Separating the Wheat from the Chaff: Nutritional Value of Plant Proteins and Their Potential Contribution to Human Health.

机构信息

Physical Education and Sport Sciences Department, University of Limerick, V94 T9PX Limerick, Ireland.
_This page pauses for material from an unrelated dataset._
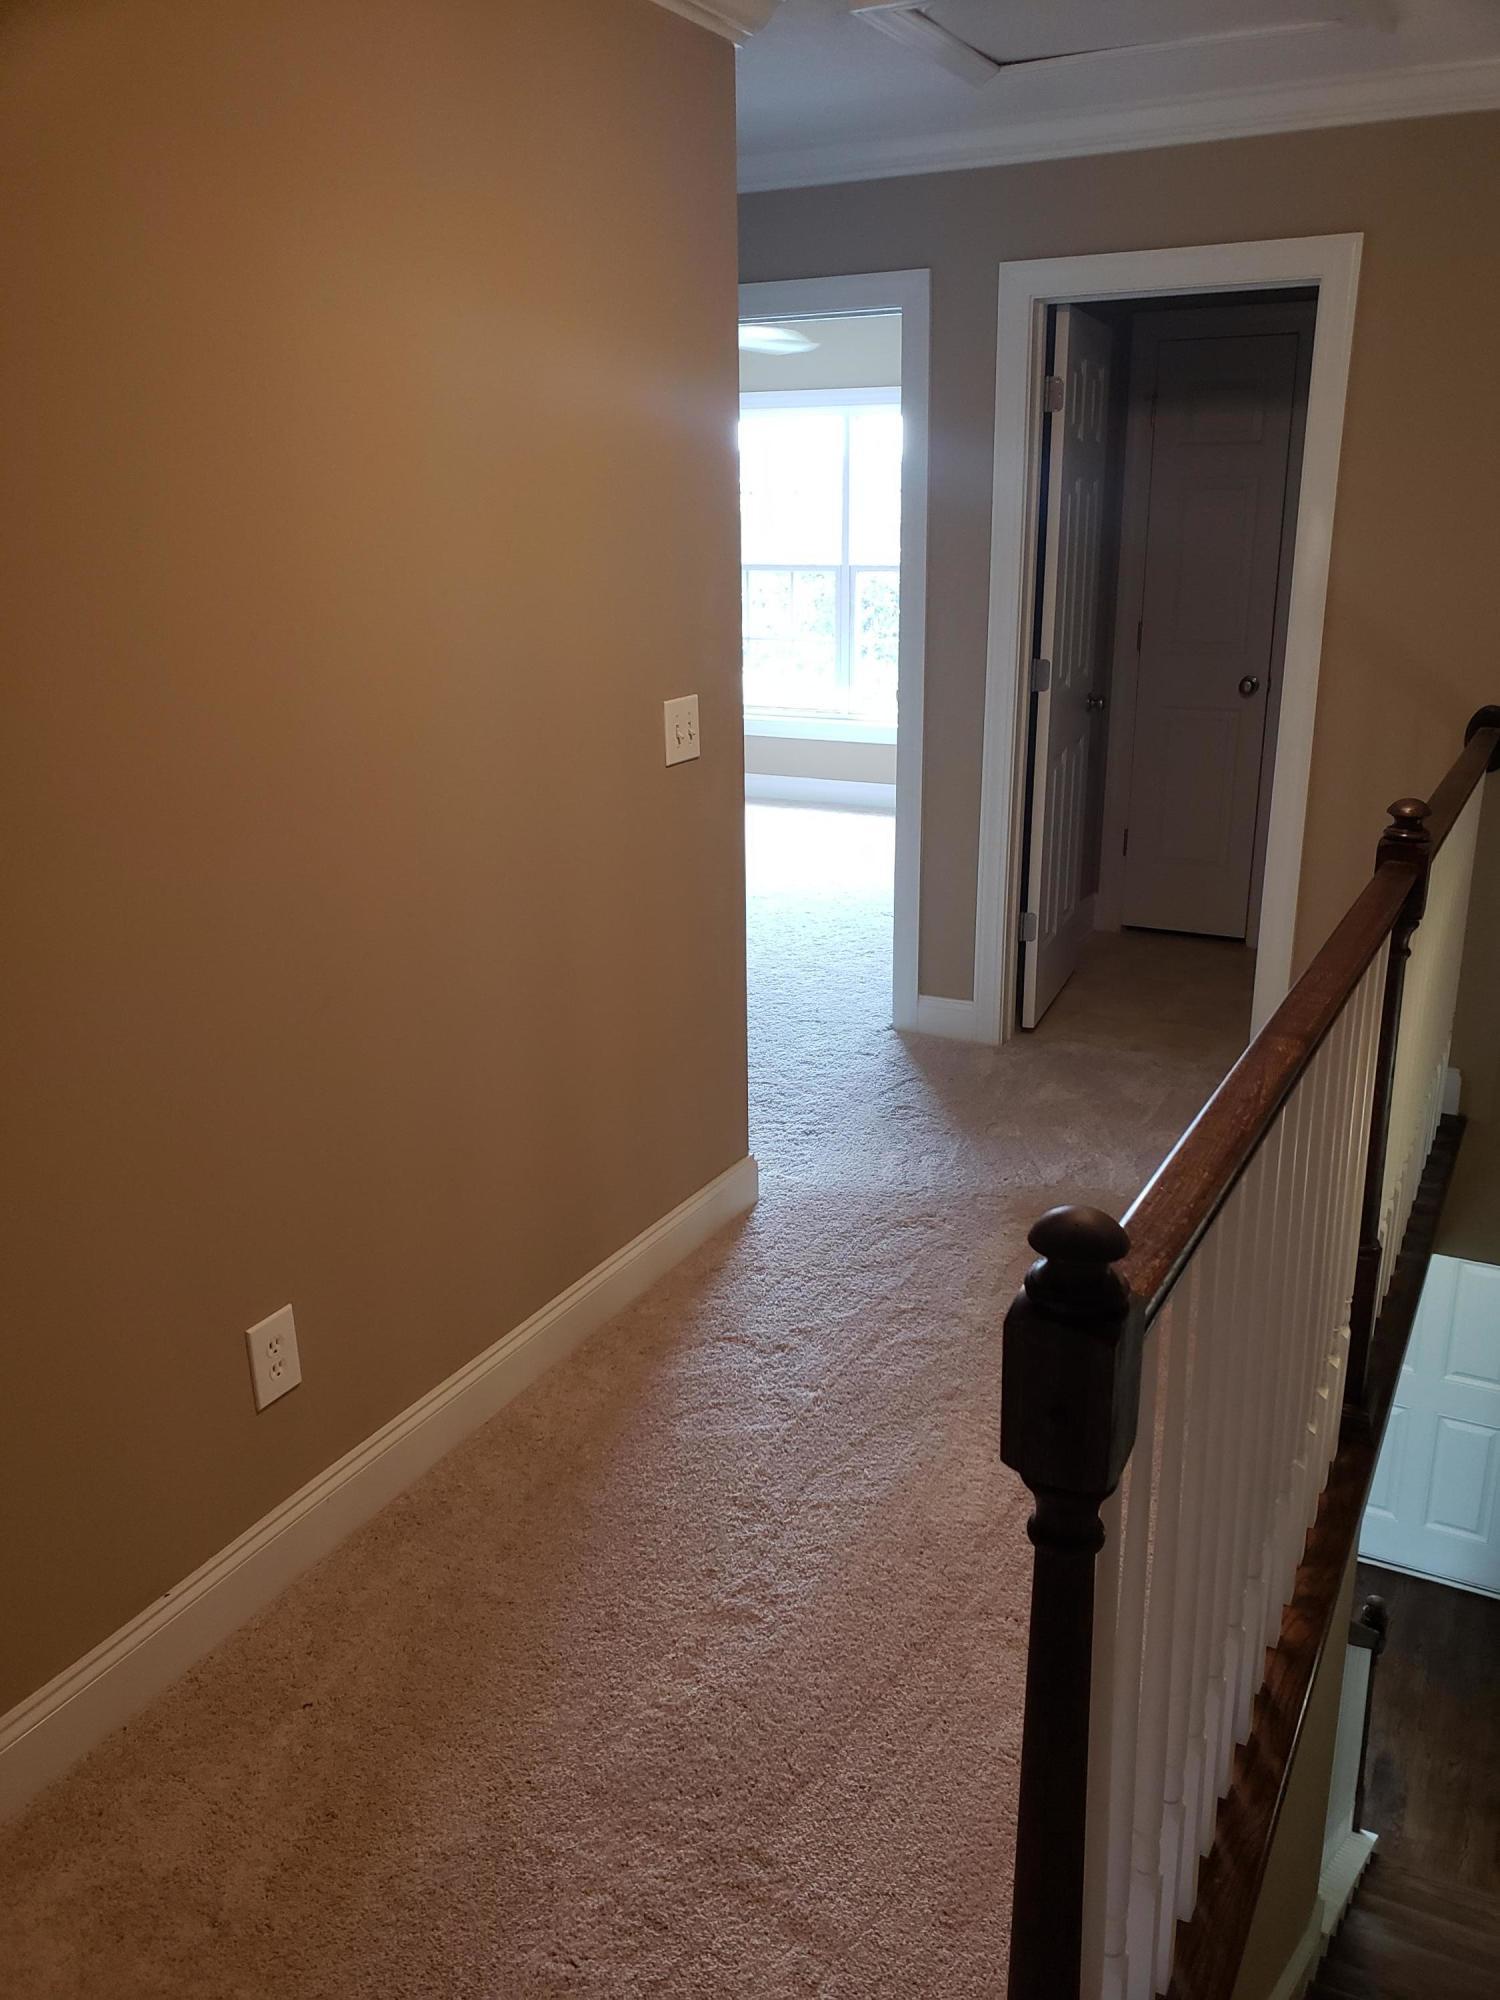 Montague Pointe Homes For Sale - 100 Gavins, Goose Creek, SC - 4

Health Research Institute, University of Limerick, V94 T9PX Limerick, Ireland.

出版信息

Nutrients. 2020 Aug 12;12(8):2410. doi: 10.3390/nu12082410.

Abstract

The quality and nutritional value of dietary proteins are determined by the quantity, digestibility and bioavailability of essential amino acids (EAA), which play a critical role in human growth, longevity and metabolic health. Plant-source protein is often deficient in one or more EAAs (e.g., branched-chain amino acids, lysine, methionine and/or tryptophan) and, in its natural form, is less digestible than animal-source protein. Nevertheless, dietary intake of plant-source protein has been promoted because of its potential health benefits, lower cost of production and lower environmental impact compared to animal-source protein. Implementation of dietary strategies that improve both human and planetary health are of critical importance and subject to growing interest from researchers and consumers. Therefore, in this review we analyse current plant protein intake patterns and discuss possible countermeasures that can enhance plant protein nutrition, examples include: (1) combining different plant proteins with complementary EAA profiles; (2) identification and commercial cultivation of new and novel high-quality plant proteins; (3) industrial and domestic processing methods; and (4) genome-editing techniques.

摘要

膳食蛋白质的质量和营养价值取决于必需氨基酸(EAA)的数量、可消化性和生物利用度,EAA 在人类生长、长寿和代谢健康方面发挥着关键作用。植物来源的蛋白质通常缺乏一种或多种必需氨基酸(例如支链氨基酸、赖氨酸、蛋氨酸和/或色氨酸),而且其天然形式的消化率低于动物来源的蛋白质。然而,由于植物来源的蛋白质具有潜在的健康益处、生产成本更低且对环境的影响低于动物来源的蛋白质,因此其膳食摄入量得到了推广。实施既能改善人类健康又能改善地球健康的饮食策略至关重要,这也是研究人员和消费者日益关注的问题。因此,在这篇综述中,我们分析了当前植物蛋白质的摄入模式,并讨论了可以提高植物蛋白质营养的可能对策,例如:(1)将具有互补 EAA 谱的不同植物蛋白结合起来;(2)鉴定和商业种植新的和新颖的高质量植物蛋白;(3)工业和家庭加工方法;和(4)基因组编辑技术。